Exercise aim – The required output is the line with "Simple Pleasures Pearl" plus all lines that follow it to the end of the listing below, written out exactly, with no pictures.

--- Given data Enclosed Below ---

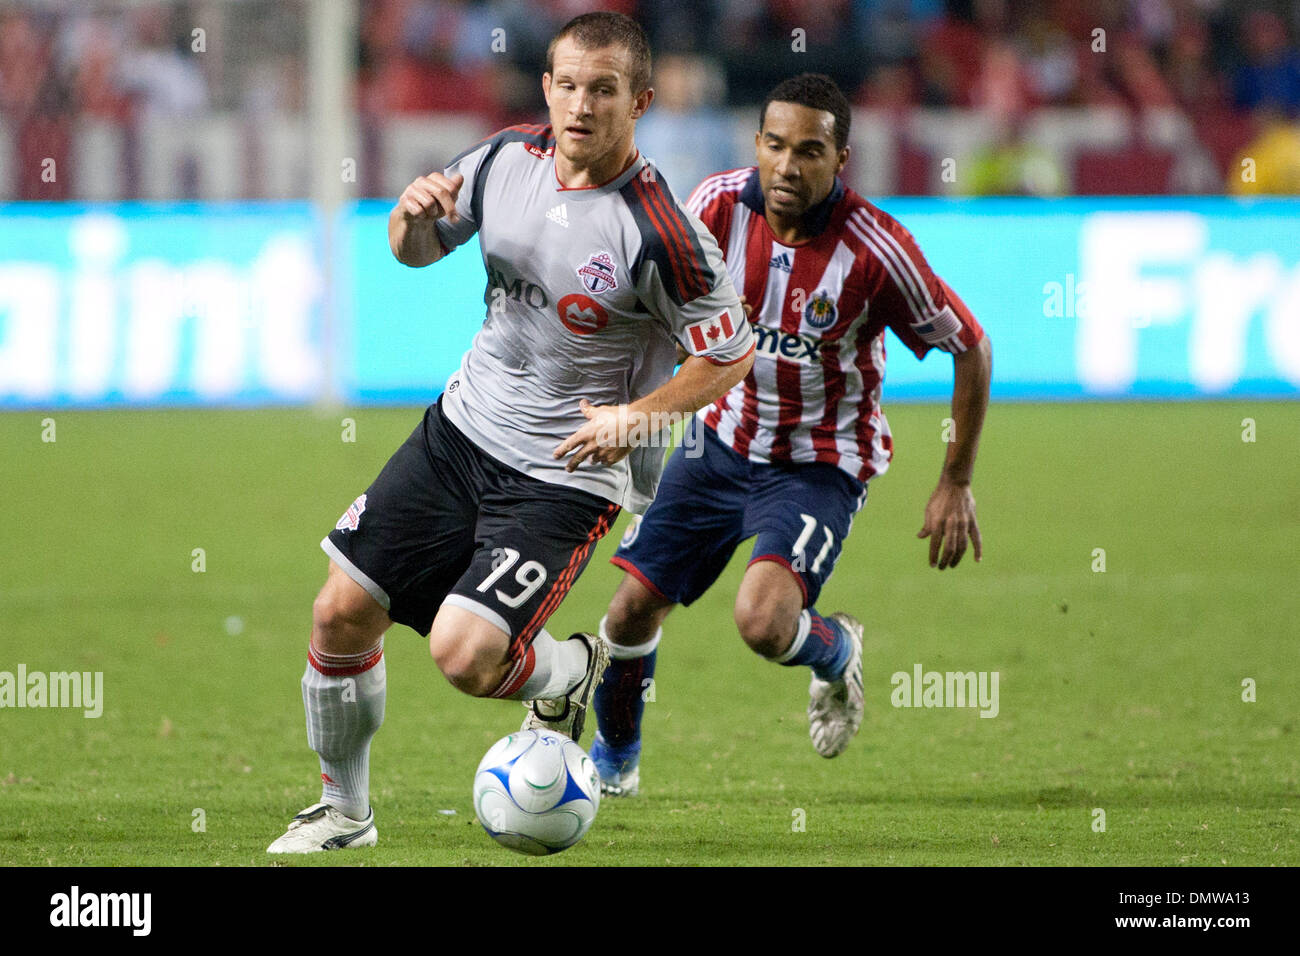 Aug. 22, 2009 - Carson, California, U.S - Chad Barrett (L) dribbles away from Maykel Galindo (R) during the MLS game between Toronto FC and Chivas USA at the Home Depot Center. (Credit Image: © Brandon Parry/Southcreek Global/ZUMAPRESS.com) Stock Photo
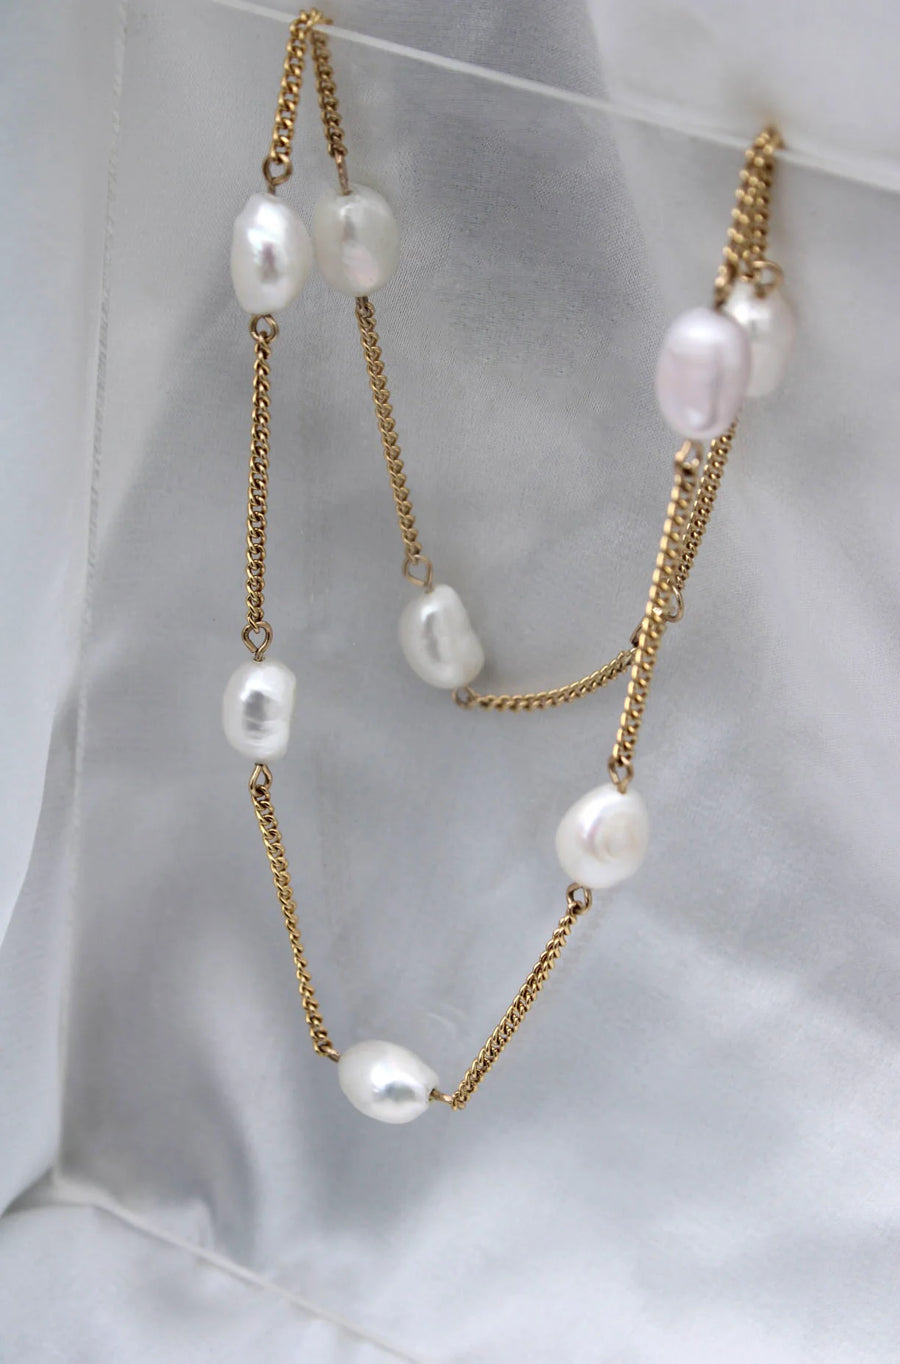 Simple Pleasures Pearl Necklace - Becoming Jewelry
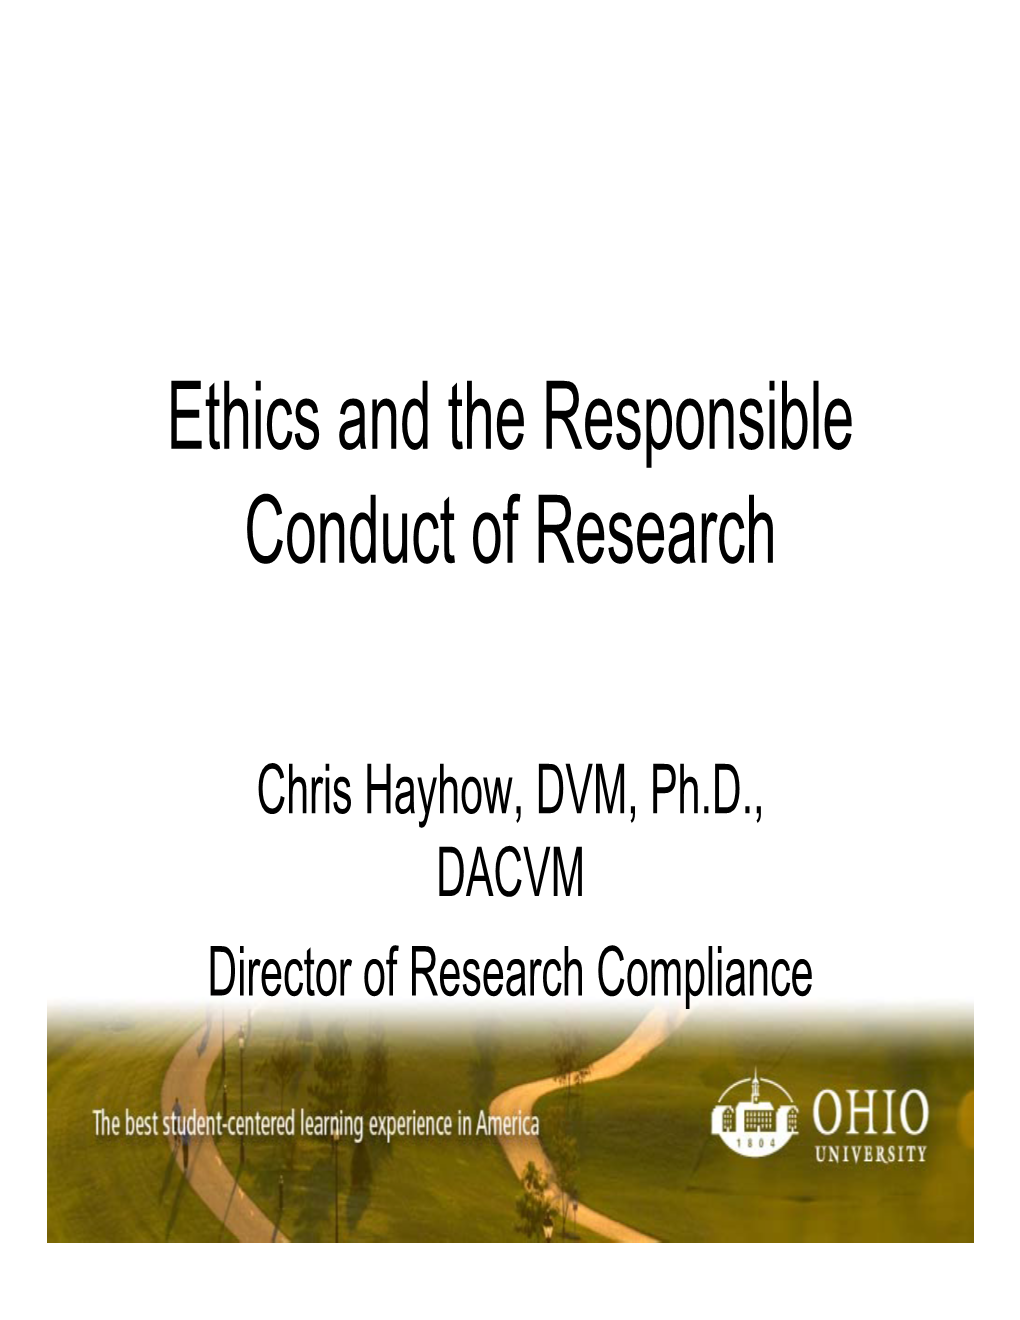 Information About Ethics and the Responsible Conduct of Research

--- End of Enclosed Given data ---

Answer to this task –
 Simple Pleasures Pearl Necklace - Becoming Jewelry
 Information About Ethics and the Responsible Conduct of Research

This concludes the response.